Опасаюсь только того, что сии разбойники, сведав о приближении команд, не обратились бы в бег, не допустя до себя оных...
Из рапорта ген. Кара Екатерине II.
I
В Петербурге сведения о восстании впервые были получены лишь 14 октября. Подобно оренбургскому губернатору, центральное правительство вначале не придавало или, вернее, делало вид, что не придает большого значения движению, и расценивало его как «местный бунт шайки непослушных казаков», который может «расстроить рекрутский набор», но скоро будет ликвидирован. Сама Екатерина смотрела на восстание как на очередную «глупую казацкую историю».
Тем не менее правительство сразу же приняло энергичные меры для ликвидации «оренбургских замешательств», все сведения о которых оно в течение трех месяцев хранило в строгом секрете, стараясь всячески представить это движение в глазах Западной Европы, где вскоре заговорили о Пугачеве в периодической печати, как «глупый фарс» и «скопище разбойников и грабителей, которые проказят, потому что с испокон веков такова их натура».
Английский поверенный в делах Ричард Оакс в своем донесении от 5 ноября сообщал, что «все касающееся до возмущения Оренбургского края, по возможности сохраняется в тайне, но известно, что вести, получаемые оттуда, все более и более неблагоприятны». И еще раньше (23 октября) Оакс писал: «Хотя здешний двор усиливается сохранить это в глубочайшей тайне, тем не менее повсюду стало известно, что один казак воспользовался неудовольствием Оренбургского края, для того чтобы выдать себя за покойного императора Петра III, и что число последователей этого претендента так велико, что произвело опасное восстание этих губерний».
14 октября Екатерина II назначила командира С.-Петербургского легиона генерал-майора Кара главнокомандующим над всеми войсками, принимавшими участие в подавлении восстания.
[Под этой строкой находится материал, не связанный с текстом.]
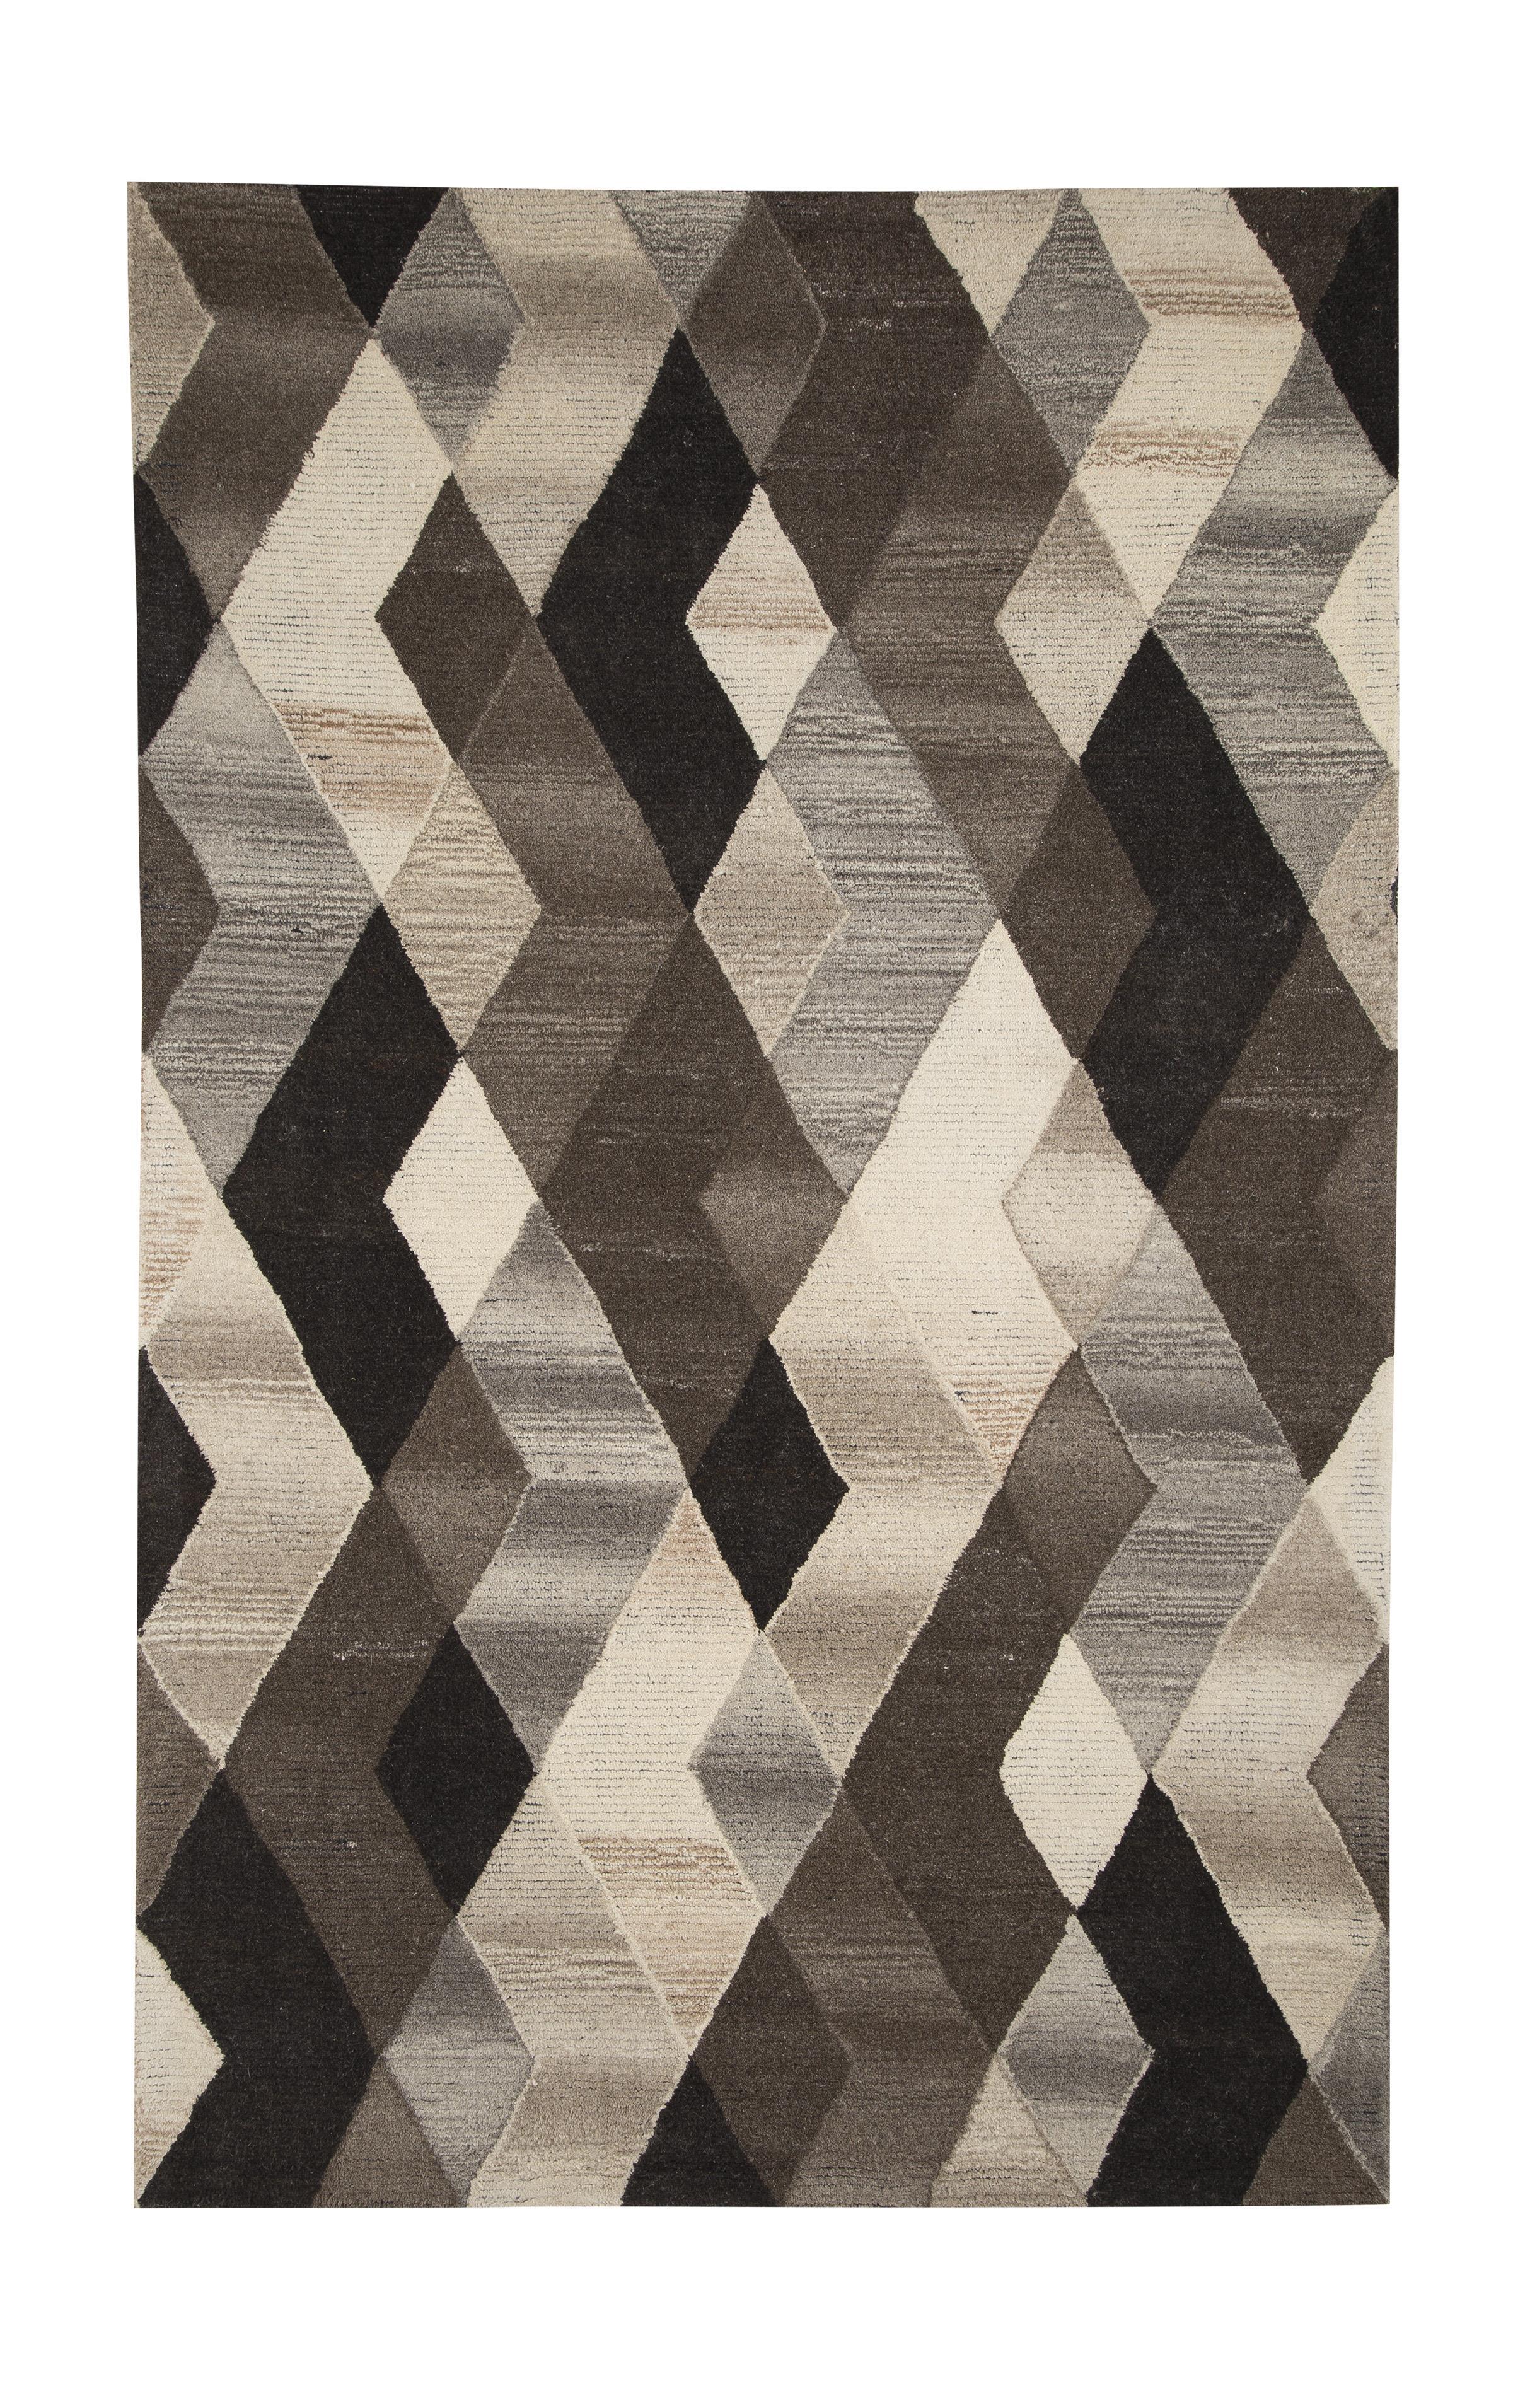 Signature Design by Ashley Contemporary Area Rugs Scoggins Black/White Medium Rug - Item Number: R400232

Ему было поручено: «Учинить над оным злодеем поиск и стараться как самого его, так и злодейскую его шайку переловить и тем все злоумышление прекратить».
В помощь Кару был назначен кровавый усмиритель восстания яицких казаков в январе 1772 г. генерал Фрейман, который хорошо был знаком с местными условиями и обычаями казаков.
Одновременно с этим правительство направило в район восстания регулярные войска. Одна рота была отправлена в Казань из Новгорода, а другая — из Москвы. Из Калуги на почтовых повезли 3 пушки с прислугой; в район Царицына были посланы из Бахмута два гусарских эскадрона, а из Псковской и Могилевской губерний направлены в Саратов четыре легкие полевые команды при 16 орудиях.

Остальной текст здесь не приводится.